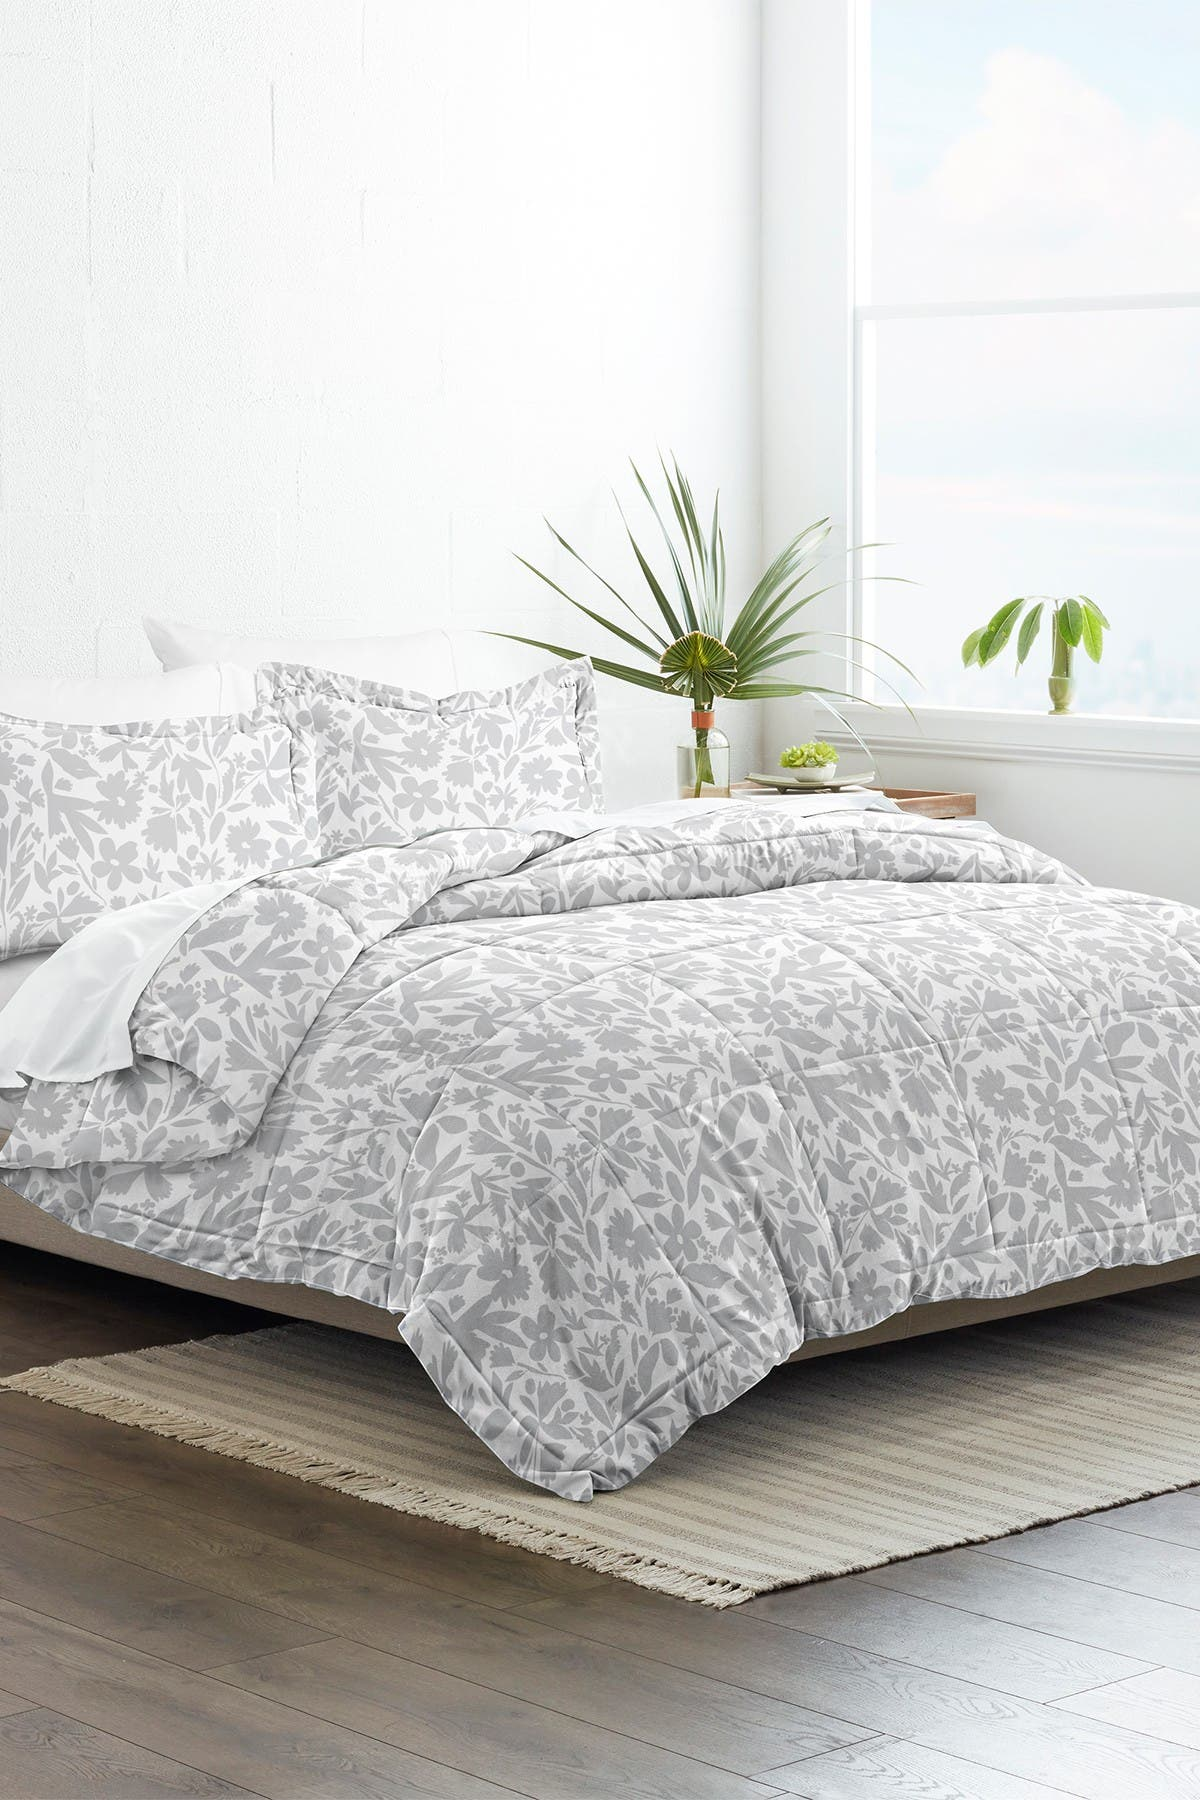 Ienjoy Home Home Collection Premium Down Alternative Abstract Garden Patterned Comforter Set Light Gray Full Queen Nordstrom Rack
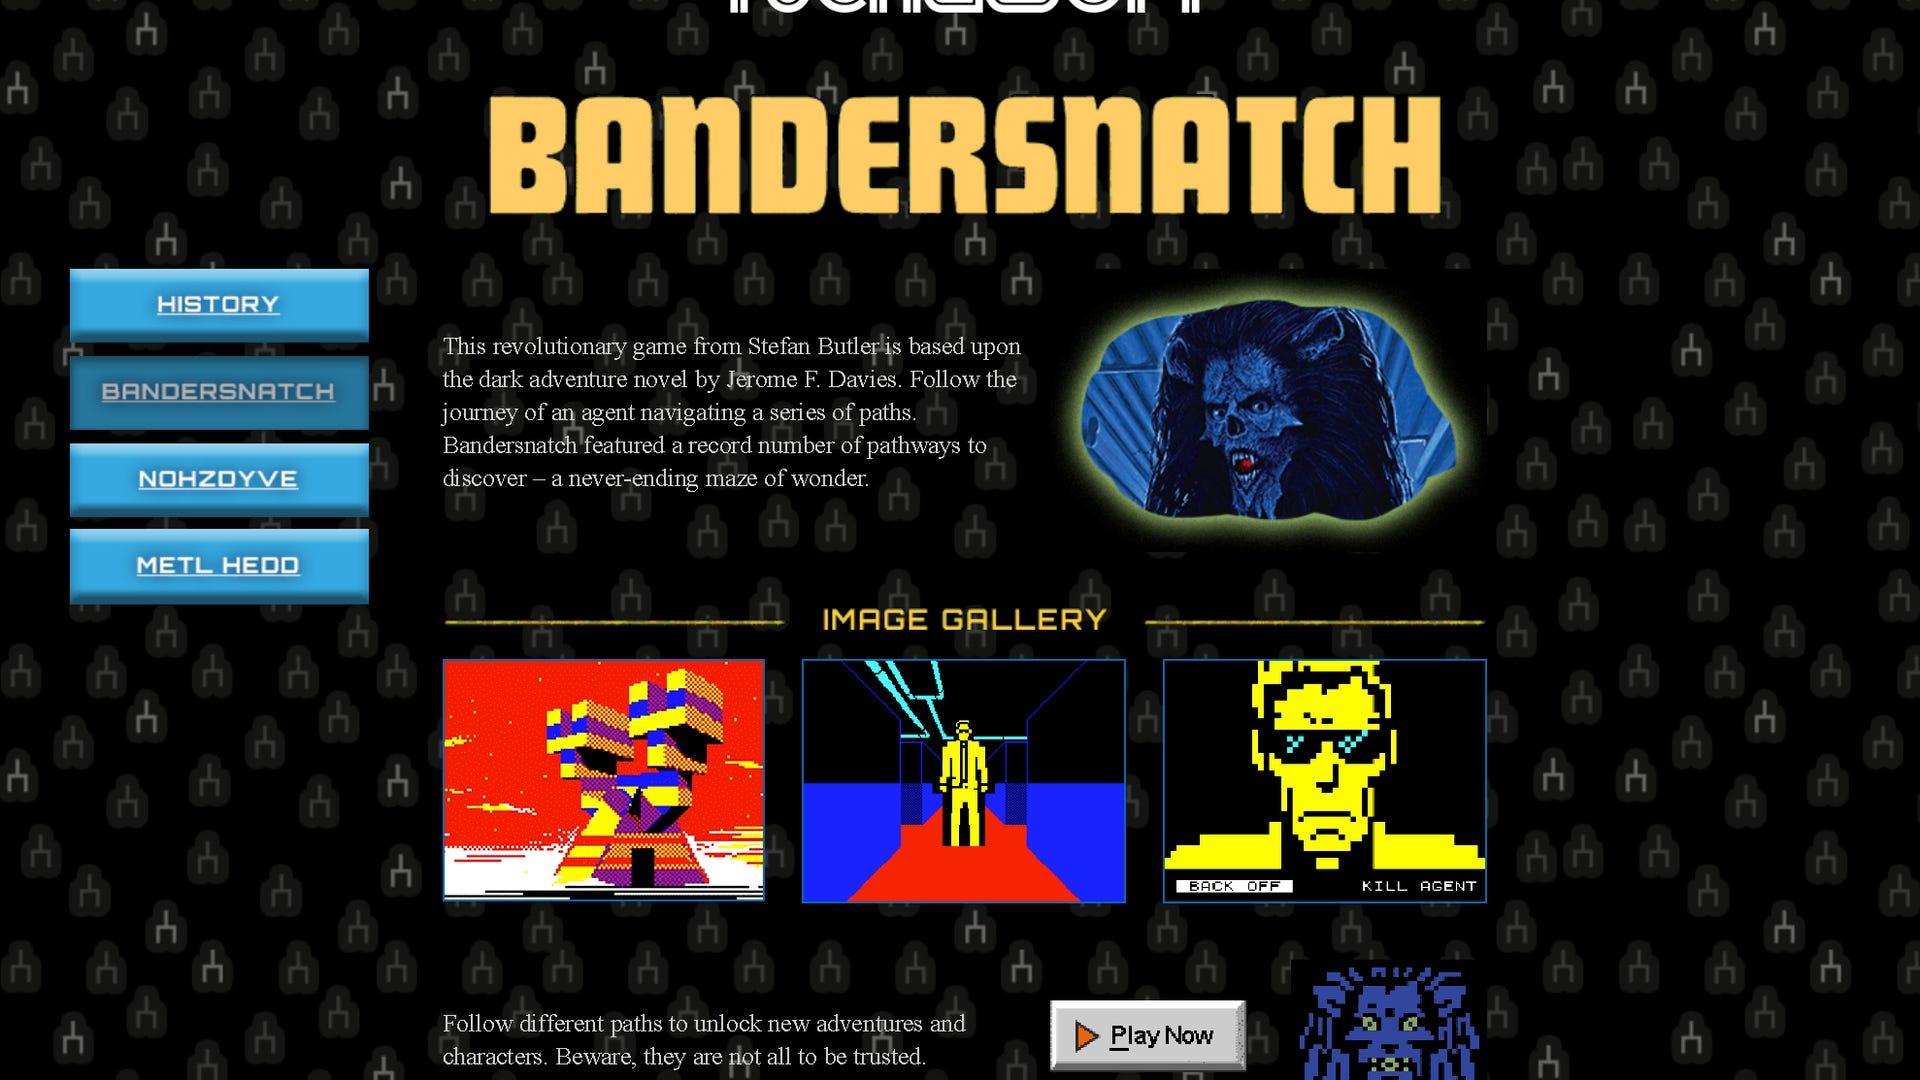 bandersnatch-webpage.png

...

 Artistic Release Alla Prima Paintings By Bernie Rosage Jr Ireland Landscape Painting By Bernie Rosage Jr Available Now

**EXERCISE DESCRIPTION**
Having found the line with "Ienjoy Home Home" and the line with "bandersnatch-webpage.png" in the material above, write out exactly those two and every line between, leaving the pictures out.

**RESPONSE TO THIS EXERCISE**
 Ienjoy Home Home Collection Premium Down Alternative Abstract Garden Patterned Comforter Set Light Gray Full Queen Nordstrom Rack
 bandersnatch-webpage.png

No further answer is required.